Dans cette théorie, lorsque nous percevons un stimulus émotionnel, les deux voies peuvent être déclenchées en même temps. Le stimulus émotionnel sert d'inducteur primaire qui peut réévoquer le souvenir que l'on a eu d'un évènement proche ou identique, qui peut alors servir comme inducteur secondaire: les états somatiques d'un individu seraient donc dus aux deux types d'inducteurs simultanément. Cependant, le développement normal du système orbitofrontal reposerait dans un premier temps sur l'intégrité du système amygdalien puis, comme pour l'hippocampe qui perd peu à peu de son importance dans la mémoire déclarative, l'amygdale perdrait de son importance dans ce deuxième système. Ainsi, des patients avec une lésion de l'amygdale sont toujours capables d'exprimer les réactions somatiques liées au rappel d'un souvenir émotionnel ancien alors que pour un souvenir émotionnel récent, ils gardent intact le rappel conscient de ce souvenir mais sans engendrer les conséquences somatiques normalement observées.

Bechara et collaborateurs ont montré l'importance des émotions dans la prise de décision. Des patients avec une lésion du CPF (Bechara, Damasio, Tranel et Damasio, 1997; Bechara, Damasio, Damasio et Lee, 1999) ou de l'amygdale (Bechara, Damasio, Damasio et Lee, 1999) ont été soumis à une tâche de jeu d'argent (Gambling Task). Cette tâche où le sujet obtient des gains factices consiste à choisir une carte parmi quatre tas, A, B, C et D. Les tas A et B contiennent des cartes qui rapportent de l'argent tout de suite mais qui, à long terme, entraînent une perte d'argent. Les cartes des tas C et D, au contraire, font perdre de l'argent

mais se révèlent rentables à long terme c'est-à-dire que si les sujets ne prennent que des cartes de ces tas, ils gagnent de l'argent. Des sujets normaux vont commencer par prendre au début majoritairement des cartes des tas A et B. Puis, en parallèle et avant même qu'ils en aient conscience, leur réponse électrodermale (RED) va augmenter progressivement mais uniquement avant qu'ils prennent des cartes de ces deux tas. C'est la phase de RED anticipée, c'est-à-dire que les sujets n'ont pas encore conscience que leur stratégie n'est pas la bonne mais on peut déjà mesurer un changement des réponses somatiques. Par la suite, leur choix va s'orienter majoritairement vers les cartes des tas C et D, puis ils prendront conscience de l'avantage de tirer les cartes dans ces tas. A ce moment là, la RED n'augmente plus. Dans cette expérience, on voit que les émotions permettent une prise de décision adéquate et une adaptation de la stratégie de la part des sujets. Chez des sujets avec une lésion de l'amygdale ou du CPF ventromédian, il n'y a pas d'adaptation de la stratégie, ces patients persistent dans l'erreur et aucune modification anticipatoire de la RED n'est observée.

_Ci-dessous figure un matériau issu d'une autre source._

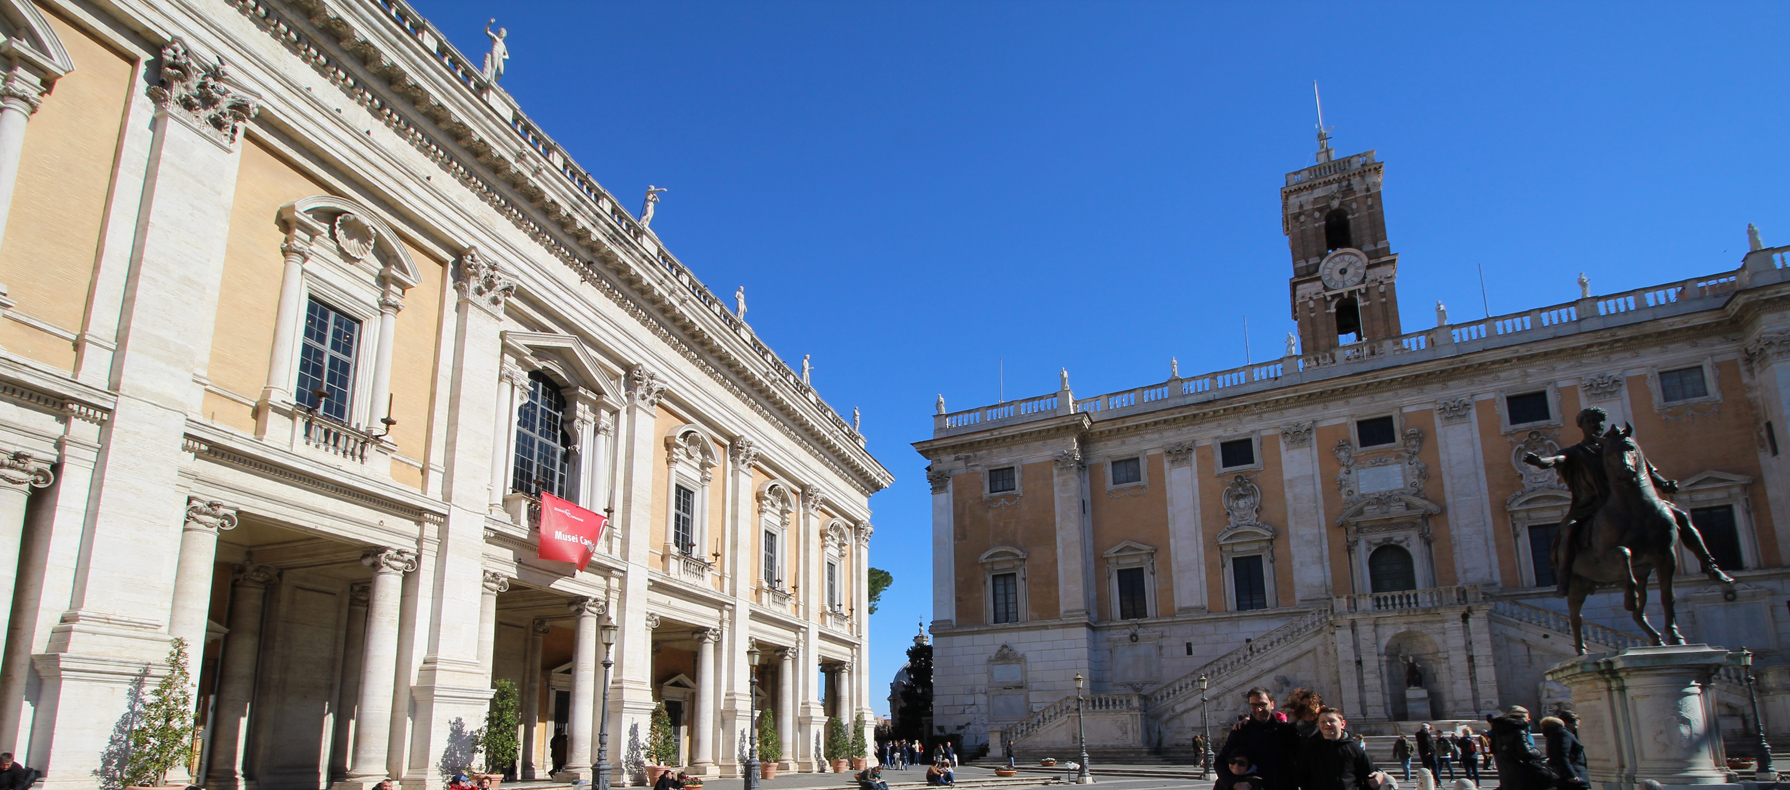 Museo Capitolinos en Roma: La historia

En plus de ce test de cartes, la RED a été enregistrée au cours d'un conditionnement associatif entre une image et un son fort et désagréable. Les auteurs mentionnent que la RED des patients sans CPF suit un décours temporel normal en comparaison des contrôles (augmentation en début de conditionnement puis diminution par la suite) alors que les patients sans amygdale n'acquièrent pas le conditionnement car ne modifient pas leur RED au cours de cette séance. Les auteurs concluent de cette étude que les sujets sans amygdale ne changent pas de stratégies car ils sont incapables d'attribuer une valeur émotionnelle négative à leurs mauvais choix. La perte financière ne joue pas son rôle d'inducteur primaire. Pour les sujets avec une lésion du CPF, le déficit de changement de stratégie est différent: l'amygdale joue sans doute son rôle d'inducteur primaire (ces patients ont une amygdale fonctionnelle qui leur permet d'acquérir un conditionnement) mais leur incapacité à stocker une représentation des conséquences de leurs choix, c'est-à-dire de mettre en mémoire un inducteur secondaire, va les empêcher, par la suite, de prendre en compte les conséquences de leurs choix et donc d'adapter leur comportement.

On voit donc que les émotions produites par un choix précédent vont influencer les représentations mentales d'un choix en cours et moduler le raisonnement et donc la prise de décision qui suit.